TEACHER’S DAY SPECIAL
Diisaku Ikeda is a Buddhist leader and an educator. As he recalls a great teacher who shaped his way of seeing, we feel that our readers should read this story—particularly, on the occasion of Teachers’ Day.
Hoping to do what I could to help my family, I got a job of delivering newspapers. I woke up each morning while it was still dark and helped out with the seaweed production. When I finished, I delivered papers and then went to school. After returning from school, I helped with the family business again, pulling the dried sheets of nori seaweed off the racks. Then I delivered the evening paper. At night, there was the work of cleaning the seaweed, removing any impurities. I look back now on those busy days with fondness.
When I was in sixth grade, we took a school trip to Kansai. We were away for four nights and five days. It was my first trip away from home, and I was very excited. My mother had given me some pocket money, which she had somehow managed to scrape together. I used it to treat my friends, and at the end of the first day, it was almost gone. Mr Hiyama must have been watching me the whole time, because he called to me as I was going up the stairs of the inn where we were staying and said: “ Daisaku, your elder brothers are all away at the war. You have to buy your parents a souvenir from your trip.”

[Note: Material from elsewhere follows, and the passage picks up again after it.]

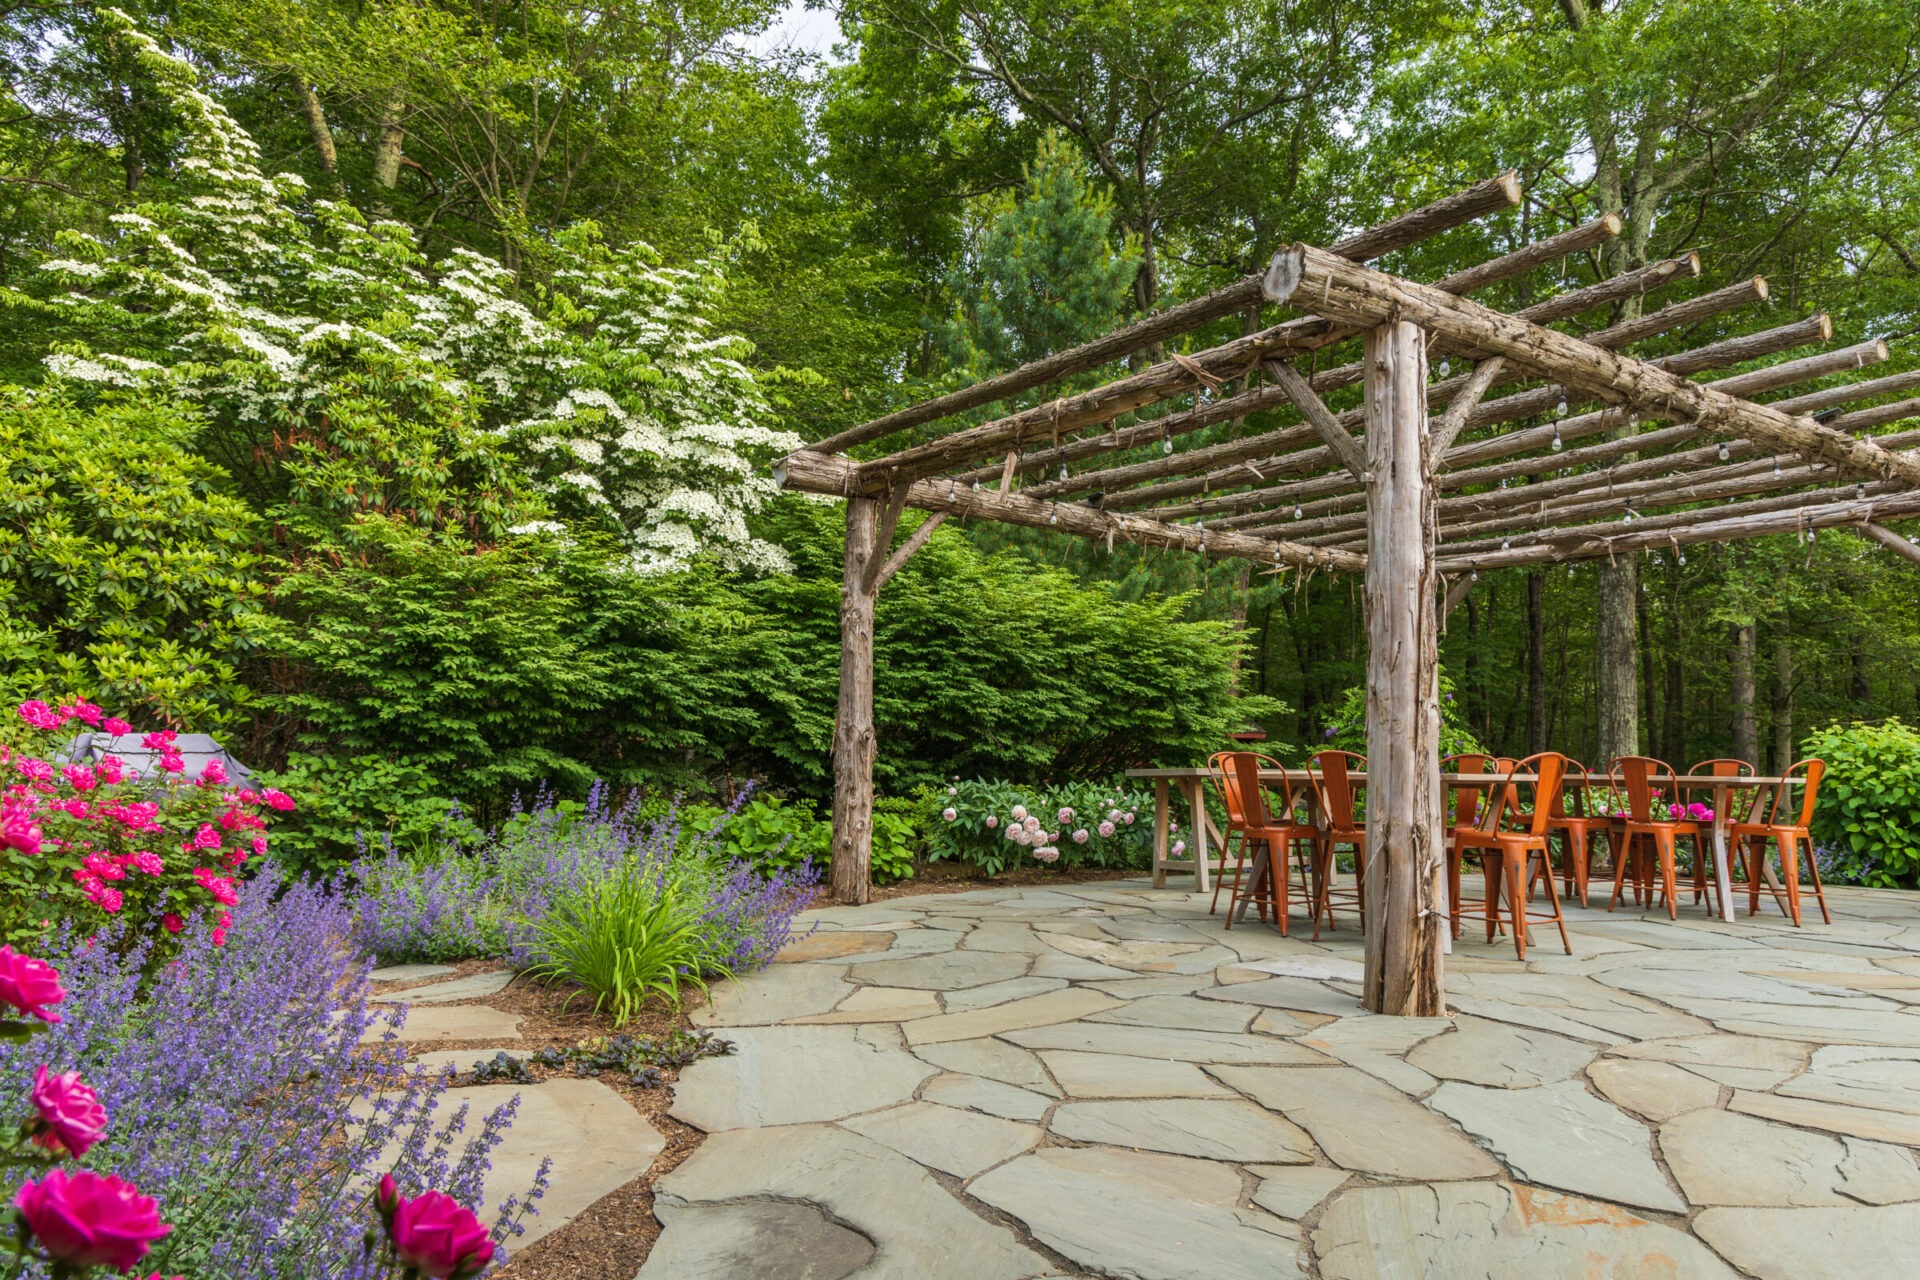 A serene garden patio with a wooden pergola, slate flooring, and blooming flowers. There's a table with chairs set up for outdoor dining.

I was crushed; of course, he was right. My mother’s face appeared before my eyes. Smiling, Mr Hiyama placed some money in my palm and closed my fingers around it. I think it was two one-yen bills. At that time, it was a large amount of money. I breathed a sigh of relief. When I returned home and gave my mother her gift, I told her what had happened. “You must never forget Mr. Hiyama,” she said with a gentle smile.
I don’t feel that he was giving me special treatment. He wouldn’t have been as well loved as he was by so many students if he was the kind of teacher who had favorites. He cared for us equally, looking deep into our hearts, aware of the family situations that were the soil that nourished us. I will never forget that warm affection with which he looked at each of us during our graduation ceremony, large tears running down his cheeks.